P.S. I hope I'm not breaking any rules here, please let me know if I am. My idea was not to give the answer but to show a quicker derivation as the OP had already called it a day.

 

[ehild]

So I'm guessing I express the other unknown as $v_{2_{f}}=\frac{m_1}{m_2}(v_{1_{0}}-v_{1_{f}})$? So...
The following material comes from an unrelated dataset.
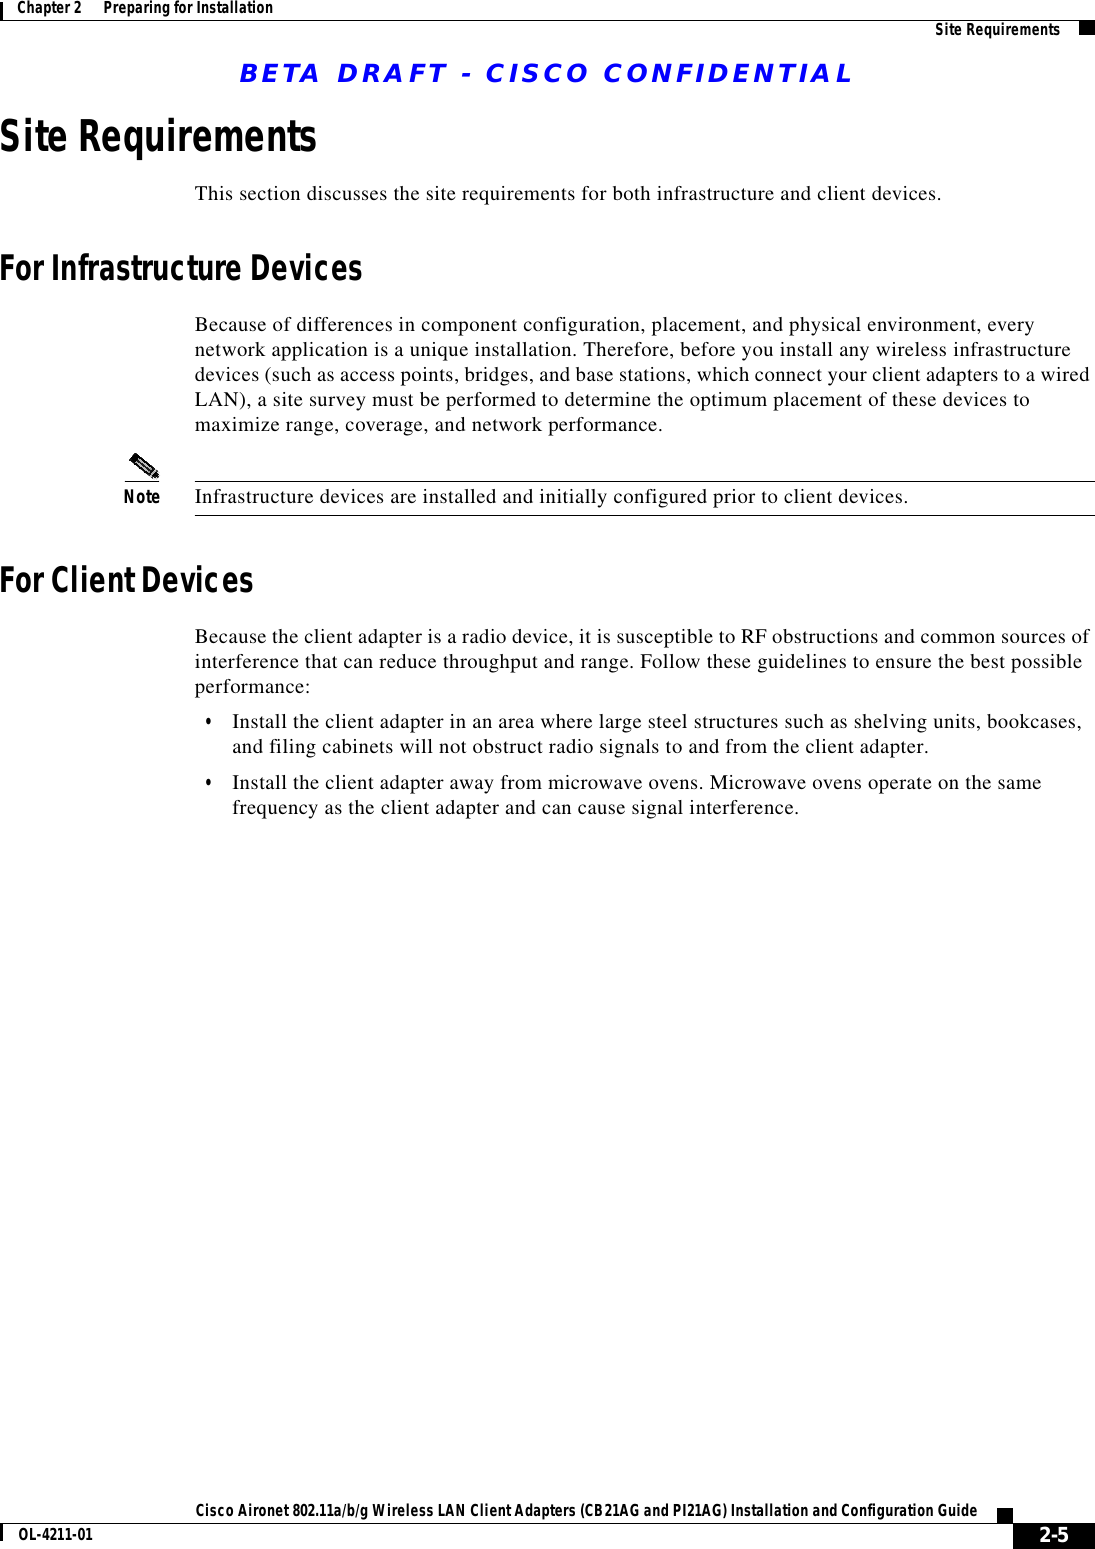 BETA DRAFT - CISCO CONFIDENTIAL2-5Cisco Aironet 802.11a/b/g Wireless LAN Client Adapters (CB21AG and PI21AG) Installation and Configuration GuideOL-4211-01Chapter 2      Preparing for Installation Site RequirementsSite RequirementsThis section discusses the site requirements for both infrastructure and client devices.For Infrastructure DevicesBecause of differences in component configuration, placement, and physical environment, every network application is a unique installation. Therefore, before you install any wireless infrastructure devices (such as access points, bridges, and base stations, which connect your client adapters to a wired LAN), a site survey must be performed to determine the optimum placement of these devices to maximize range, coverage, and network performance.Note Infrastructure devices are installed and initially configured prior to client devices.For Client DevicesBecause the client adapter is a radio device, it is susceptible to RF obstructions and common sources of interference that can reduce throughput and range. Follow these guidelines to ensure the best possible performance:•Install the client adapter in an area where large steel structures such as shelving units, bookcases, and filing cabinets will not obstruct radio signals to and from the client adapter.•Install the client adapter away from microwave ovens. Microwave ovens operate on the same frequency as the client adapter and can cause signal interference.

$m_1v_{1_{0}}^2=m_1v_{1_{f}}^2+m_2(\frac{m_1}{m_2}(v_{1_{0}}-v_{1_{f}}))^2=m_1v_{1_{f}}^2+m_2(\frac{m_1^2}{m_2^2})(v_{1_{0}}^2-2v_{1_{f}}v_{1_{0}}+v_{1_{f}}^2))$
$v_{1_{0}}^2=v_{1_{f}}^2+(\frac{m_1}{m_2})(v_{1_{0}}^2-2v_{1_{f}}v_{1_{0}}+v_{1_{f}}^2))$
$v_{1_{0}}^2(1-\frac{m_1}{m_2})-v_{1_{f}}^2(1+\frac{m_1}{m_2})+(\frac{m_1}{m_2})2v_{1_{f}}v_{1_{0}}=0$

To be honest, I didn't feel like going through the quadratic equation to derive the momentum equation I was reluctant to use because I didn't understand it. But in the end, I just looked up the derivation and called it a day: http://www.batesville.k12.in.us/physics/APPhyNet/Dynamics/Collisions/elastic_deriv.htm

It is not one day but 1D, one dimension ...
If you substitute m1/m2=0.5, that quadratic equation is not that terrible.